So I did what I said I wouldn’t, I pre-ordered Legion. Why you ask? Well, I have found the guild I am suppose to be in, I am having a lot of fun with them, they have accepted me for who I am, a quirky, friendly and sometimes anxious person.
I had my doubts for a few days, I came to a point where I was starting to get comfortable in the guild, at that stage the rush of “get the hell out of here” comes over me. The fright of being left out, frozen out, disliked overwhelms me, so I run off. But this time, I decided I should talk about it instead. So went to Frez, one of our lovely officers and told her all about my fears and issues, she was a good listener, and had good suggestions for me. And after a nice chat, she calmed me down and I felt at ease. And am now in a very happy place in the guild, and I trust them, and they are a joy to play with. And blabla anxiety shit… I know it’s boring.

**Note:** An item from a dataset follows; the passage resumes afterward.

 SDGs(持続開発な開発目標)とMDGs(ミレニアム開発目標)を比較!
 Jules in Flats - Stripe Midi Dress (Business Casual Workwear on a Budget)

So with the purchase of Legion, came a boost to 100. I had already planned out what to use the boost for if I decided to buy the expansion and that was a mage. It’s one of the classes I have never leveled up and always wanted. She is a frosty and named Iceflake. I sometimes call my self a “special snowflake”, and of course that name was taken so, Iceflake it is.
I also got a nice surprise a couple of days ago, where I got asked by our lovely guild master, which I call OnionMaster, if I wanted to become an officer of the guild. Just because I care for the people in it, and because, I’m actually not sure. It seemed he had been thinking about it for a while anyways.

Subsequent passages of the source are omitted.